Une vision curative ou thérapeutique

Catherine Gueguen, pédiatre spécialisée en parentalité et auteure d’ouvrages dans le champ de l’éducation positive 1, rappelle de son côté que l’éducation parentale a longtemps fonctionné sur le mode de la répression : « L’éducation positive est une révolution ! », affirme-t-elle. « Celle-ci rejette l’ensemble des violences éducatives et intègre les principes de psychologie humaniste et positive, dont l’importance de l’empathie dans la relation. Depuis des millénaires, nous pensons qu’éduquer un enfant, c’est le brimer, canaliser son comportement par l’humiliation verbale ou physique. Les adultes le font en croyant bien faire. Pourtant, les études sont là ! Les neurosciences affectives et sociales montrent l’impact délétère des humiliations en tout genre sur le cerveau de l’enfant. Mais c’était jusqu’ici la seule option, et c’est pour cela qu’il y a de fortes résistances au changement. »

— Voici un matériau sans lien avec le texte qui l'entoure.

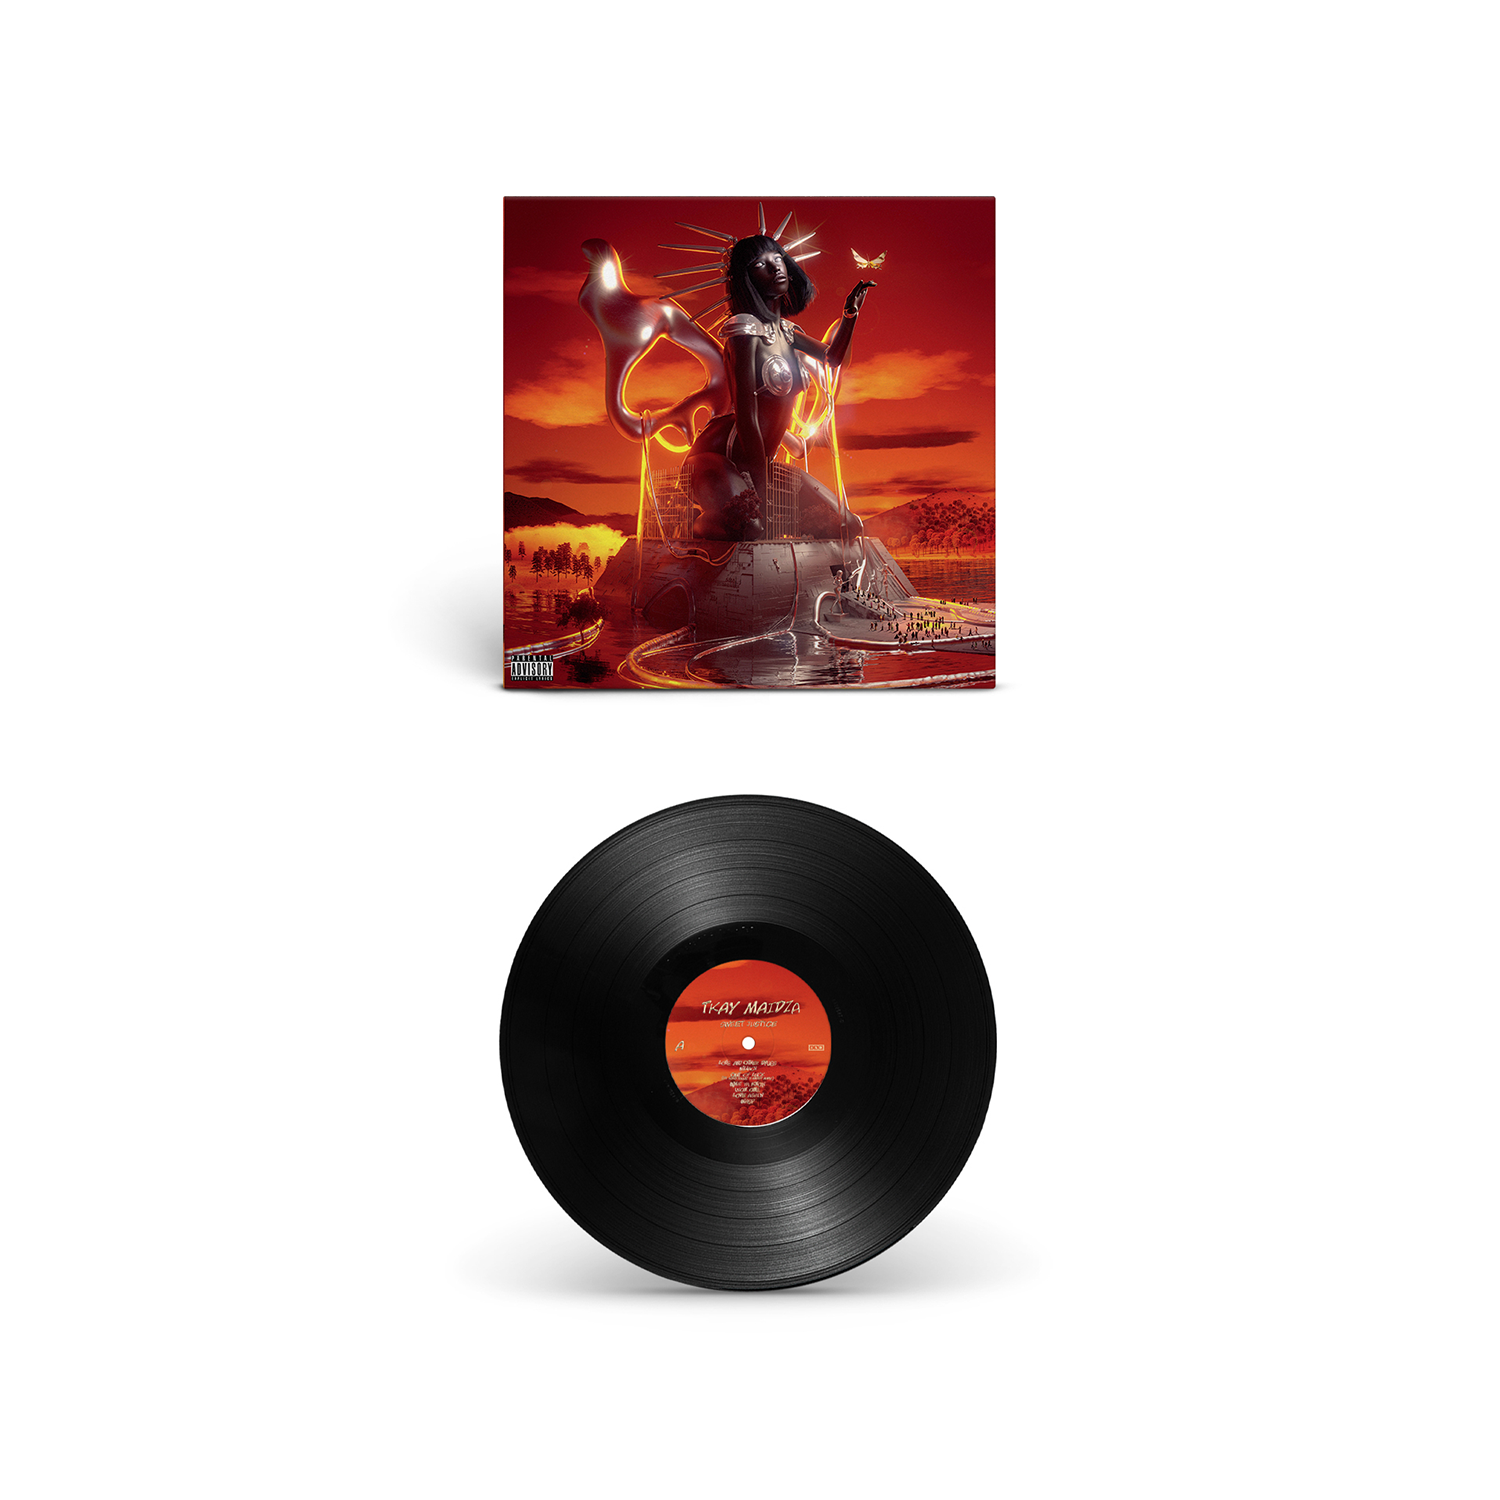 Sweet Justice: Vinyl LP + Limited Edition Bonus 7"

Lorsqu’on se penche sur la littérature autour de la parentalité positive, ce qui dénote, en premier lieu, c’est qu’elle prend rarement appui sur des situations parentales ou familiales « sans histoire ». Qu’il s’agisse de graves abus, de négligences physiques et émotionnelles ou de violences, les situations abordées par les chercheurs, problématiques par essence, impliquent une vision « curative » ou en tout cas « thérapeutique » de la parentalité : l’éducation positive s’est ainsi d’abord construite comme une « éducation à la parentalité », par laquelle on apprend à l’adulte à mieux gérer ses propres émotions, à respecter les rythmes, les besoins et l’intégrité de l’enfant. Elle vise en premier lieu des familles en situation de déprivation et de grande précarité, qui nécessitent des moyens d’intervention ciblés.

Trop laxiste ?

Aujourd’hui, portée par des succès éditoriaux et médiatiques, l’éducation positive s’est émancipée de ce cadre. Elle s’adresse désormais à toutes les familles, quels que soient leur histoire et leurs choix éducatifs. Pour « le parent lambda », elle est parfois ressentie comme un modèle normatif qui s’immisce dans le foyer. Il faut dire que son discours a tout pour interpeller. Quel parent ne rêve pas d’obtenir sans punir ou sans être obligé de se fâcher, tout en favorisant l’autonomie de ses chers petits ?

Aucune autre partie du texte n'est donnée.